Brat Productions' The Bald Soprano is back and badder than ever.

by A.D. Amorosi

Published: January 13, 2010

In 1998 and 2007, Brat Productions' boss, director Madi Distefano, remade Eugene Ionesco's absurd non-sequitur-filled theatricale The Bald Soprano in accordance with his wishes. The script, first brought to life in 1950, contained stage instructions to start the performance over from the beginning, with the main players switching roles — a continuous loop of darkly humored existentialist wonk. Brat's 24-hour Bald Soprano became an avant-Philadelphia classic and an American anthem: a daylong effort wherein you could attend multiple performances and watch the city's best self-brutalizing actors throwing themselves into "physically and cerebrally grueling two dozen hourlong works of smelly brilliance." That's what I wrote after having sat up with them, both in '98 and '07, through many hours of Baldness.

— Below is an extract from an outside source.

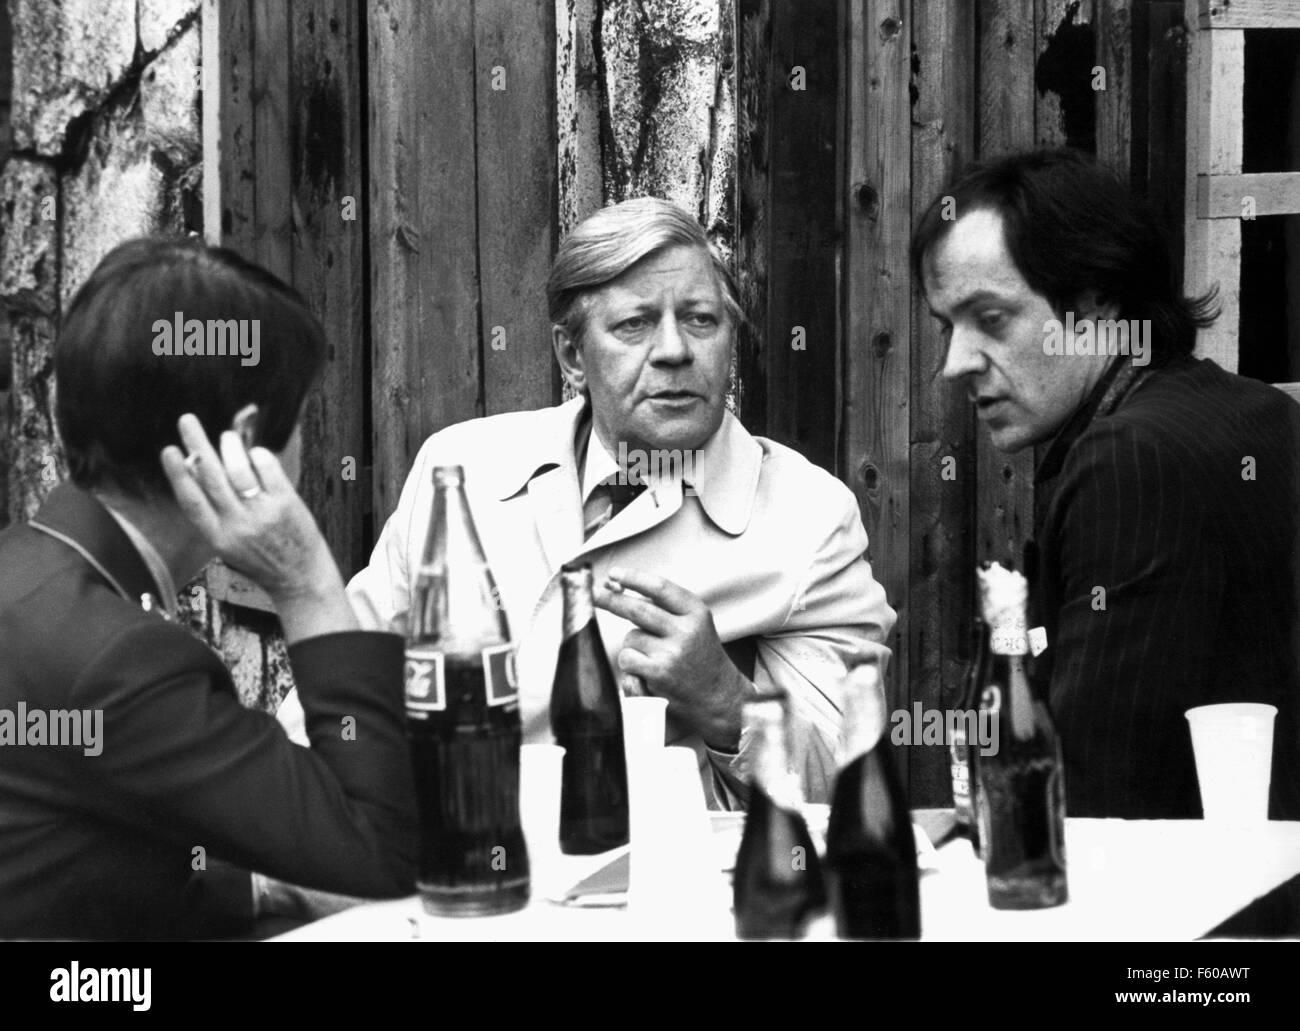 Le chancelier Helmut Schmidt (centre) et rock musicien Udo Lindenberg (R) répondre à Bad Segeberg, le 31 mai 1980 pour un échange de vues. L'épouse de Schmidt Loki sur la gauche. Banque D'Images

Now, Brat's back — every hour, on the hour. Six actors, 24 performances. No breaks. No kidding. Beat that, Kiefer. Returning Soprano vets/gluttons-for-punishment Jess Conda and Nathan Holt will be joined by newbies Krista Apple, Jake Blouch, Bradley K. Wrenn and Victoria Frings in the slow-moving fracas. "Madi considers these new guys the 'next big thing' in Philly acting," says Brat producing artistic director Michael Alltop. "And of course Nate and Jess are no slouches, either. They're our go-to A team." Brat PR guru Scott Johnston will create a "fierce lobby culture" — a 'round-the-clock variety show cabaret and arts bazaar with free food and rotating casts, puppets and artists. "No two shows will be the same," Johnston says. I'd expect nothing less.